Set the records down again. Match every line exactly.

──────────────────────────────

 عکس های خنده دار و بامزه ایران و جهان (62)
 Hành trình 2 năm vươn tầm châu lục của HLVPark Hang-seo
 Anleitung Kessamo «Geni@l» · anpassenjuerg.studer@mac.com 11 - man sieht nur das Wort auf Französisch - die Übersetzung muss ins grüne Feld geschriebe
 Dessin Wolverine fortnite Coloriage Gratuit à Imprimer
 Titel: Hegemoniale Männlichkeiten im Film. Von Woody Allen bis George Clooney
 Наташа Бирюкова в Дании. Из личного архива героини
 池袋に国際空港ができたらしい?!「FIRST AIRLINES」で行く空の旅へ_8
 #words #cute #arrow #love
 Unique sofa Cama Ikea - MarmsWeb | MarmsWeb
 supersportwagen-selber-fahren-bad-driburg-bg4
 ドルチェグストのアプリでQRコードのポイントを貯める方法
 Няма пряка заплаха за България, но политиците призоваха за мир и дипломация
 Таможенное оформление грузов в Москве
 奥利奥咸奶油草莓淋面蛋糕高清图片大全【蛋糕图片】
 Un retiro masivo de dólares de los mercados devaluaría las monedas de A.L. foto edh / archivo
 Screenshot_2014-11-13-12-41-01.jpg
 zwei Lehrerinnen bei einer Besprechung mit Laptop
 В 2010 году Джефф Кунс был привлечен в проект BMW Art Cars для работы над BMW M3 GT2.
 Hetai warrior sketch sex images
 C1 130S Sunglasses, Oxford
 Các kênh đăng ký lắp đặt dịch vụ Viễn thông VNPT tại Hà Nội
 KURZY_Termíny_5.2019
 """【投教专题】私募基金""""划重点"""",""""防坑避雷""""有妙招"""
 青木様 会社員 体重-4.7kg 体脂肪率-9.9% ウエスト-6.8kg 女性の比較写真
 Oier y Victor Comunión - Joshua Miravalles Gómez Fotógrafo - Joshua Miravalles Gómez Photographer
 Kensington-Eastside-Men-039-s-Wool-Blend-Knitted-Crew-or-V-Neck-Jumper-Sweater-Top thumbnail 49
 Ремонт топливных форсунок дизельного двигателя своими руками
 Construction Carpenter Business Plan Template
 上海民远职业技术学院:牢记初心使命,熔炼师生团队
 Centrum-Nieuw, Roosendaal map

──────────────────────────────

▶ [Answer box]
 عکس های خنده دار و بامزه ایران و جهان (62)
 Hành trình 2 năm vươn tầm châu lục của HLVPark Hang-seo
 Anleitung Kessamo «Geni@l» · anpassenjuerg.studer@mac.com 11 - man sieht nur das Wort auf Französisch - die Übersetzung muss ins grüne Feld geschriebe
 Dessin Wolverine fortnite Coloriage Gratuit à Imprimer
 Titel: Hegemoniale Männlichkeiten im Film. Von Woody Allen bis George Clooney
 Наташа Бирюкова в Дании. Из личного архива героини
 池袋に国際空港ができたらしい?!「FIRST AIRLINES」で行く空の旅へ_8
 #words #cute #arrow #love
 Unique sofa Cama Ikea - MarmsWeb | MarmsWeb
 supersportwagen-selber-fahren-bad-driburg-bg4
 ドルチェグストのアプリでQRコードのポイントを貯める方法
 Няма пряка заплаха за България, но политиците призоваха за мир и дипломация
 Таможенное оформление грузов в Москве
 奥利奥咸奶油草莓淋面蛋糕高清图片大全【蛋糕图片】
 Un retiro masivo de dólares de los mercados devaluaría las monedas de A.L. foto edh / archivo
 Screenshot_2014-11-13-12-41-01.jpg
 zwei Lehrerinnen bei einer Besprechung mit Laptop
 В 2010 году Джефф Кунс был привлечен в проект BMW Art Cars для работы над BMW M3 GT2.
 Hetai warrior sketch sex images
 C1 130S Sunglasses, Oxford
 Các kênh đăng ký lắp đặt dịch vụ Viễn thông VNPT tại Hà Nội
 KURZY_Termíny_5.2019
 """【投教专题】私募基金""""划重点"""",""""防坑避雷""""有妙招"""
 青木様 会社員 体重-4.7kg 体脂肪率-9.9% ウエスト-6.8kg 女性の比較写真
 Oier y Victor Comunión - Joshua Miravalles Gómez Fotógrafo - Joshua Miravalles Gómez Photographer
 Kensington-Eastside-Men-039-s-Wool-Blend-Knitted-Crew-or-V-Neck-Jumper-Sweater-Top thumbnail 49
 Ремонт топливных форсунок дизельного двигателя своими руками
 Construction Carpenter Business Plan Template
 上海民远职业技术学院:牢记初心使命,熔炼师生团队
 Centrum-Nieuw, Roosendaal map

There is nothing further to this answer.